== Task requirements ==
Every line from the line containing "These are lovely" through the final line below is to be repeated exactly; no other line is.

== Exercise data ==
+ + + + + + +

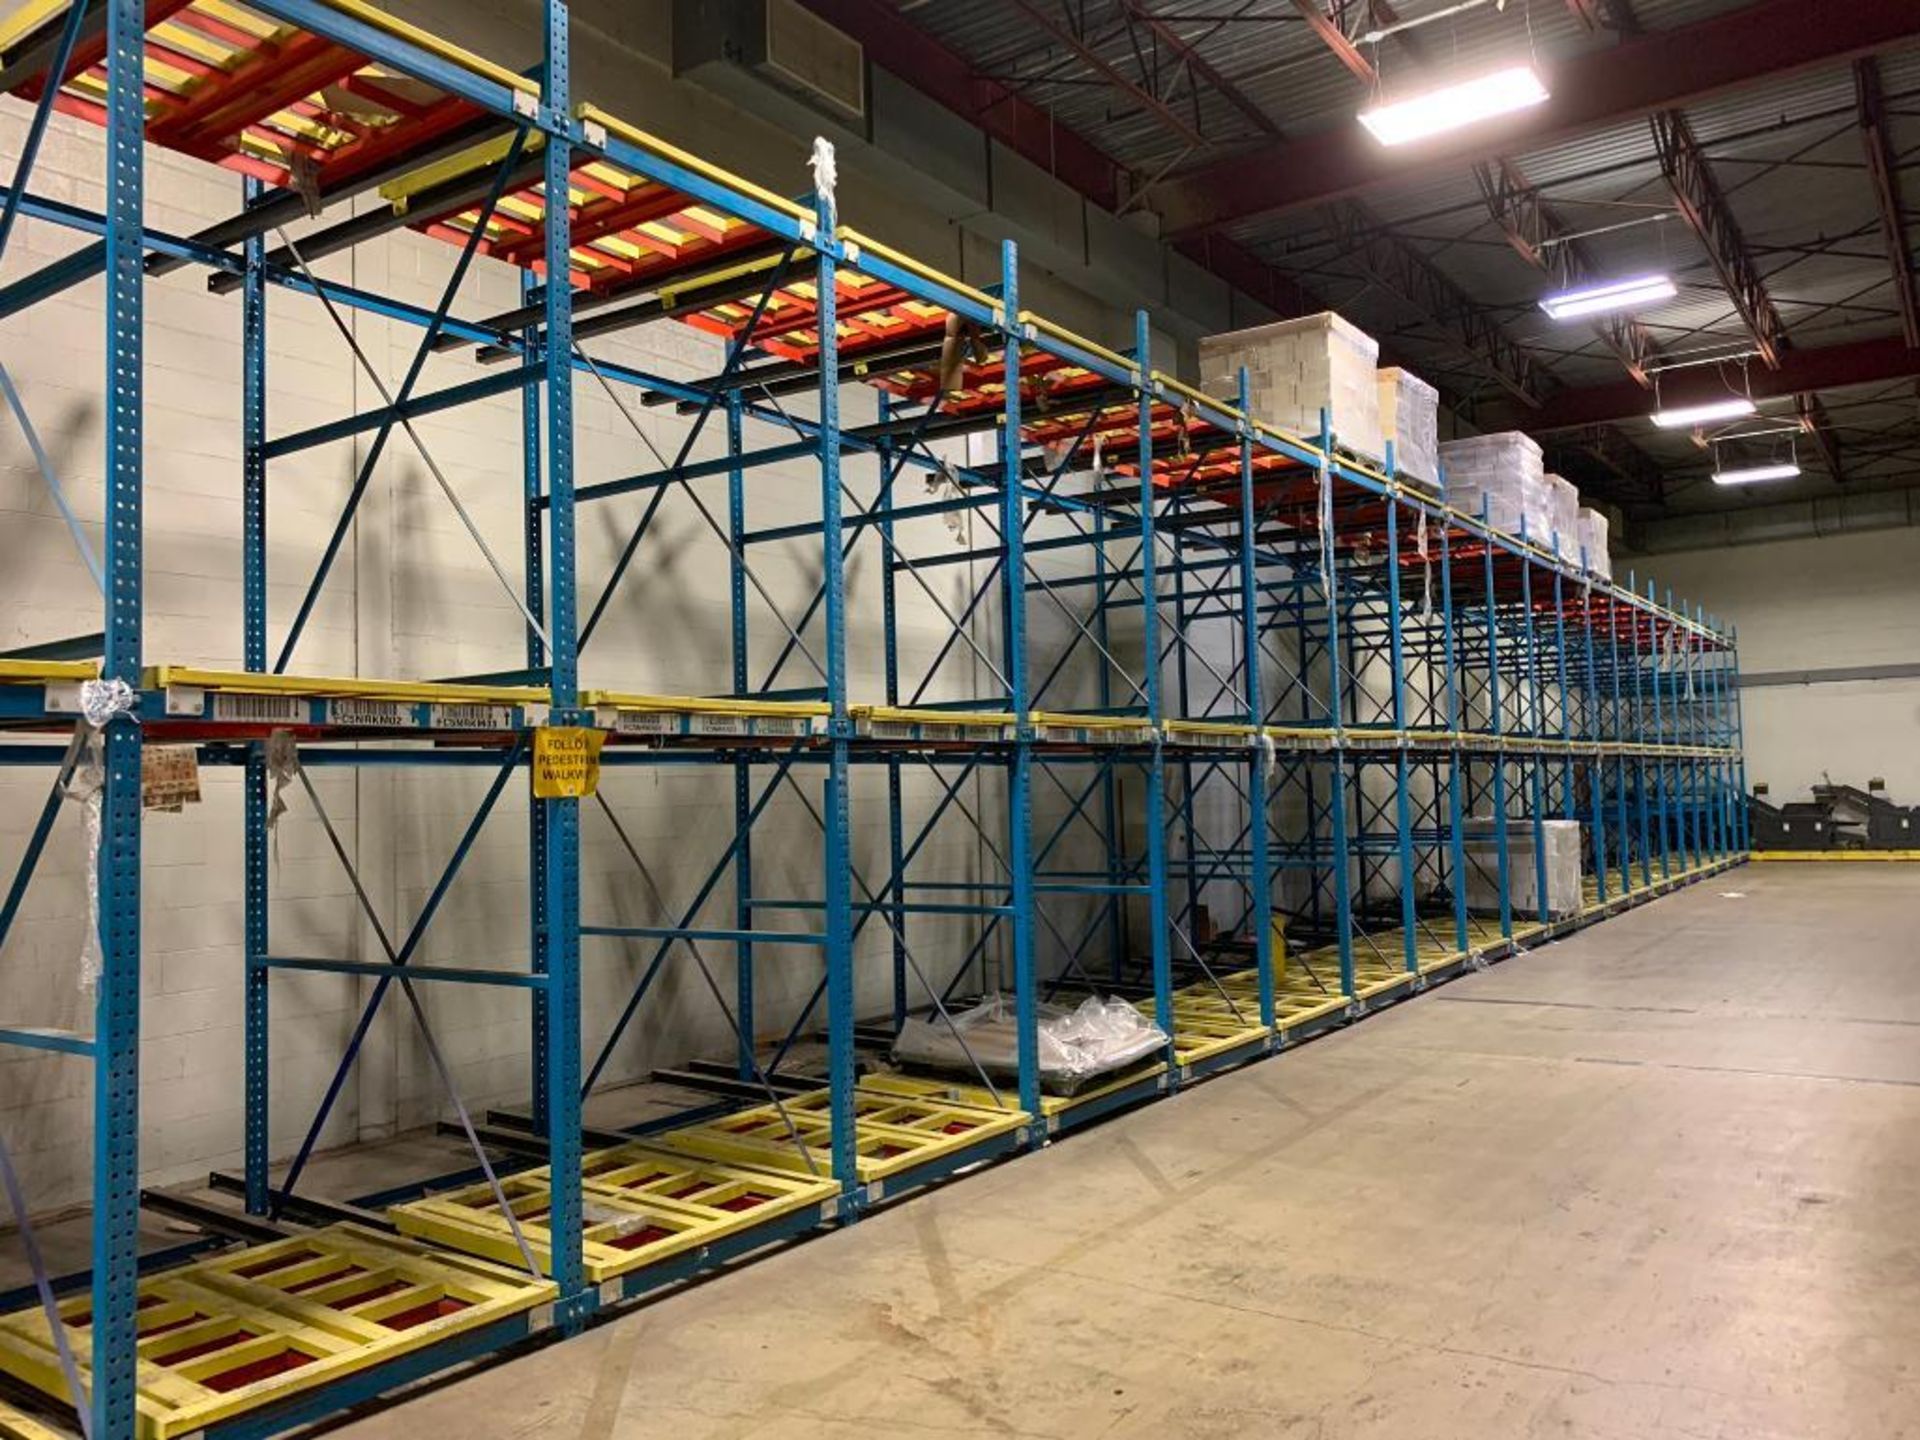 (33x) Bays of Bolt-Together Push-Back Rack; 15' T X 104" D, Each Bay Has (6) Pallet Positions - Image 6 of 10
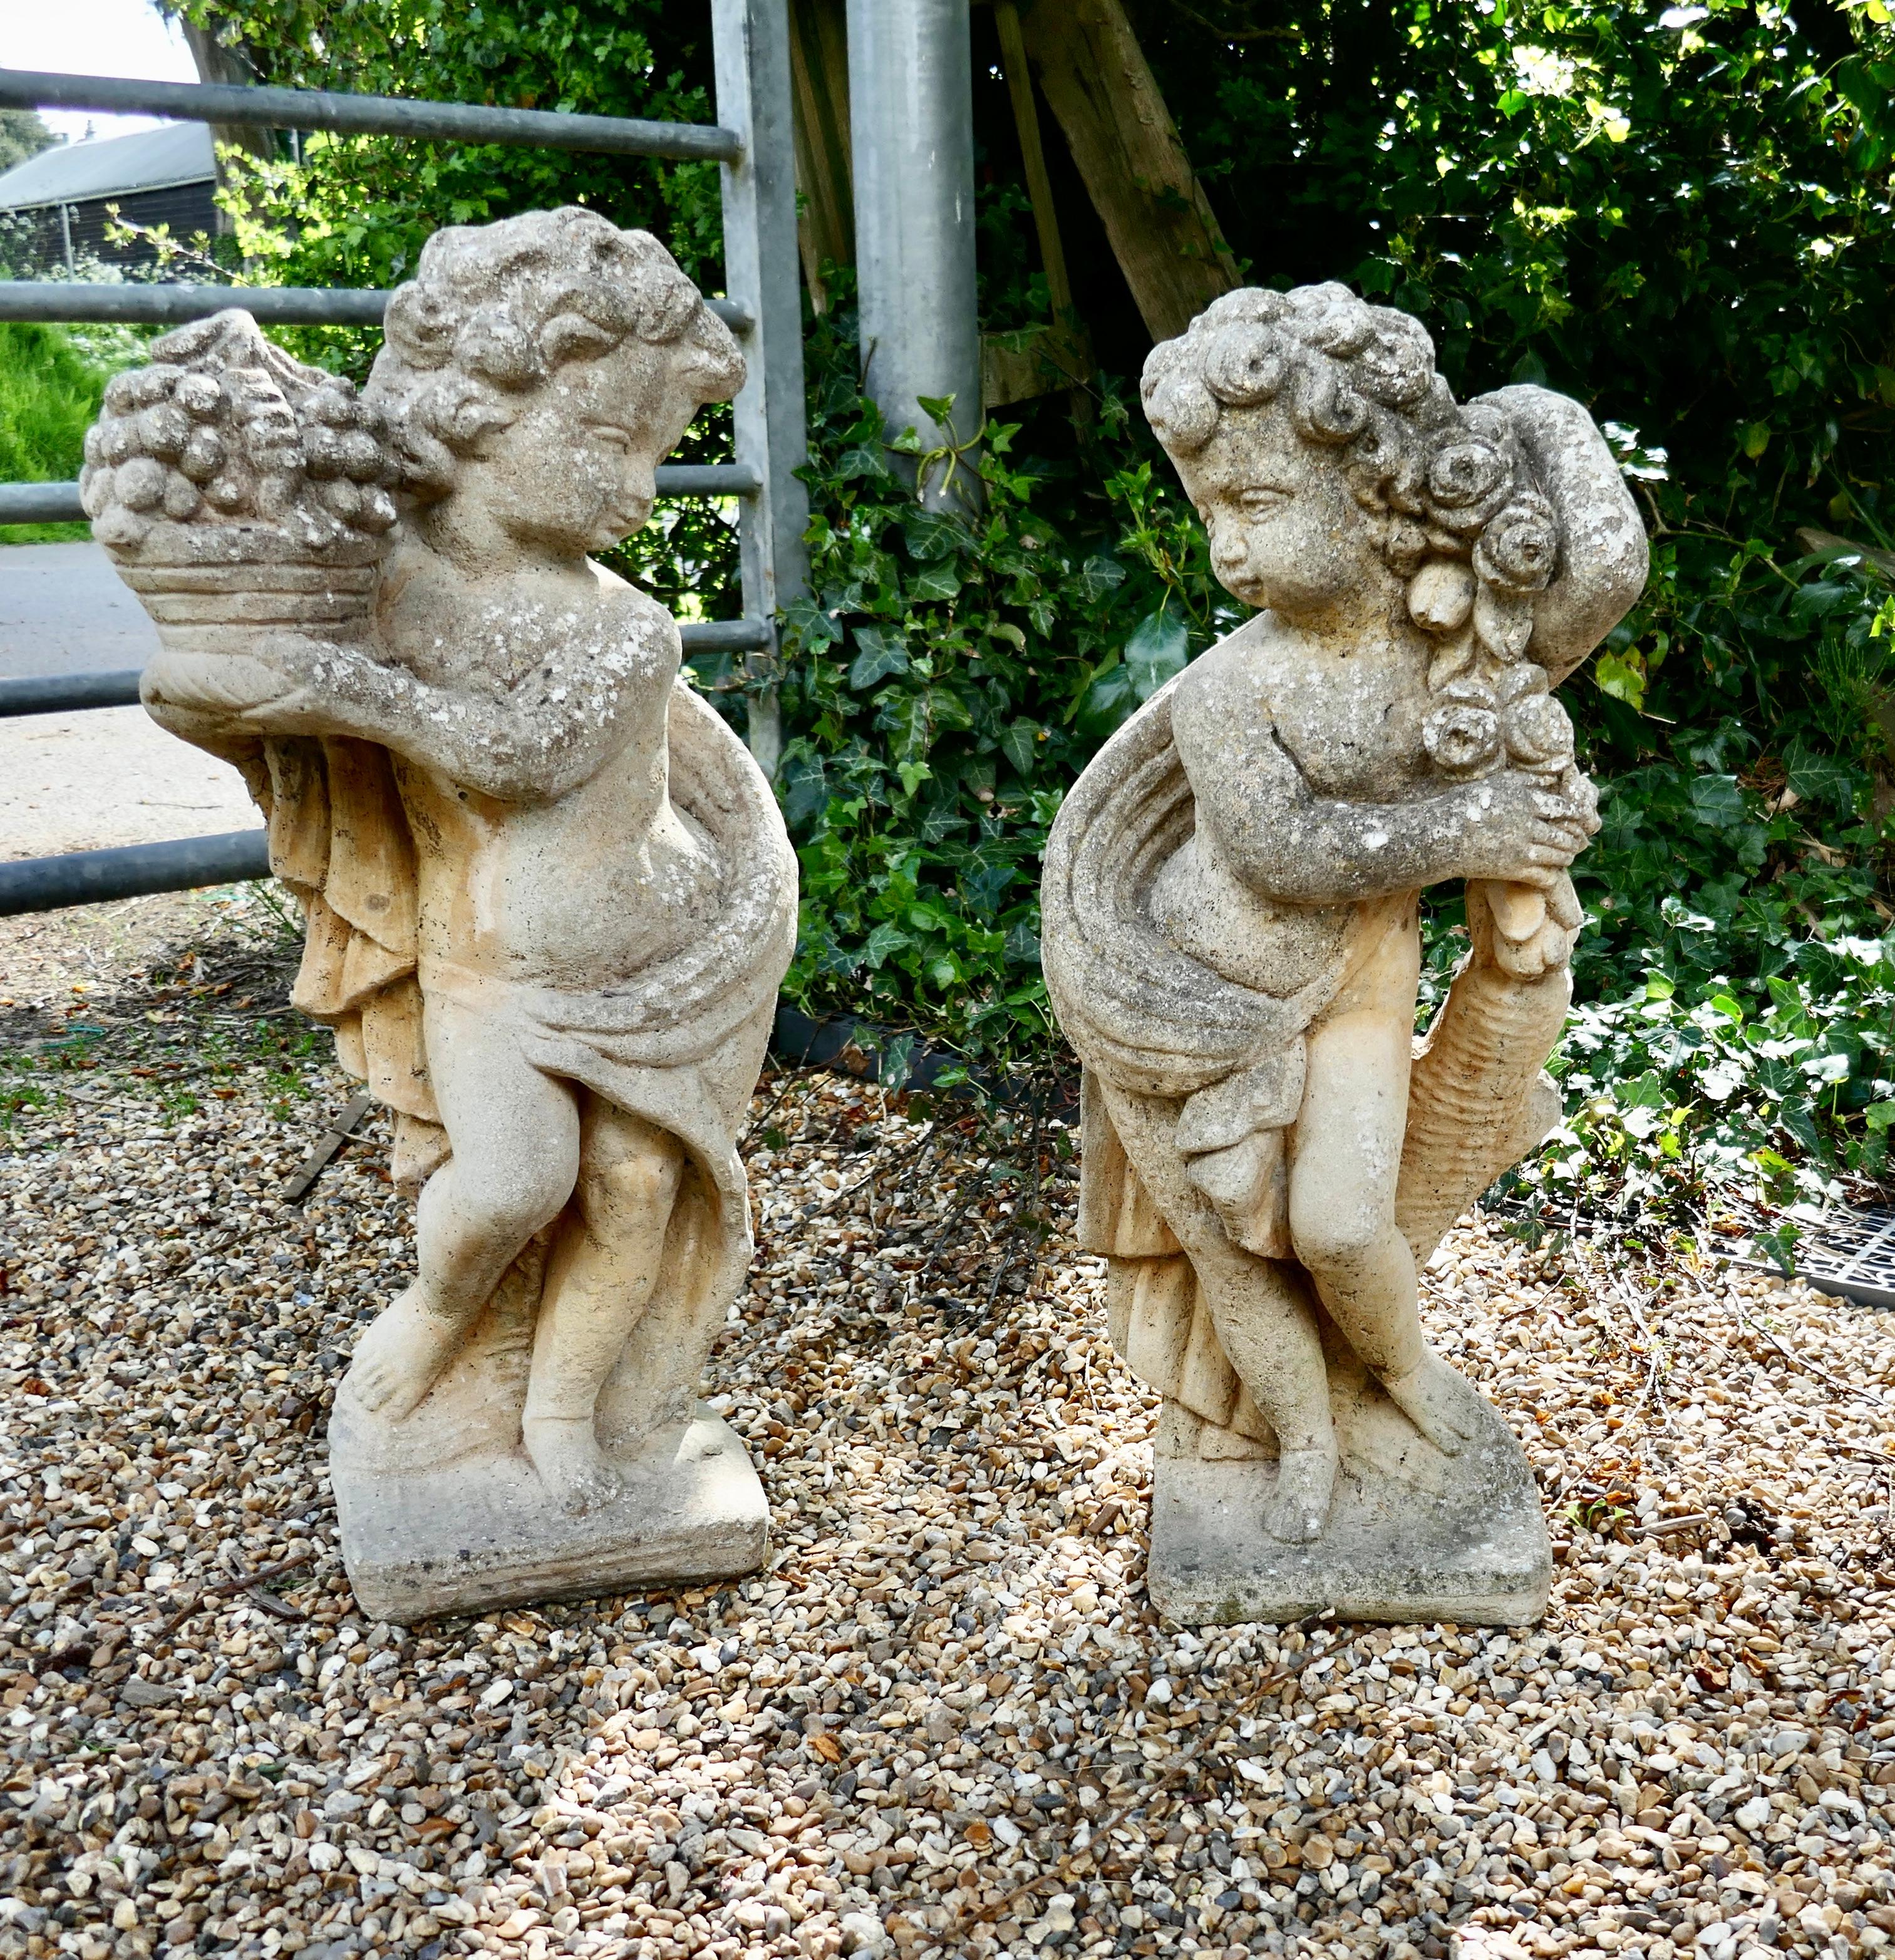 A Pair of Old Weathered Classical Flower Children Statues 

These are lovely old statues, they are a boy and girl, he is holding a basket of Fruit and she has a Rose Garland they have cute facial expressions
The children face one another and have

+ + + + + + +

== Answer space ==
These are lovely old statues, they are a boy and girl, he is holding a basket of Fruit and she has a Rose Garland they have cute facial expressions
The children face one another and have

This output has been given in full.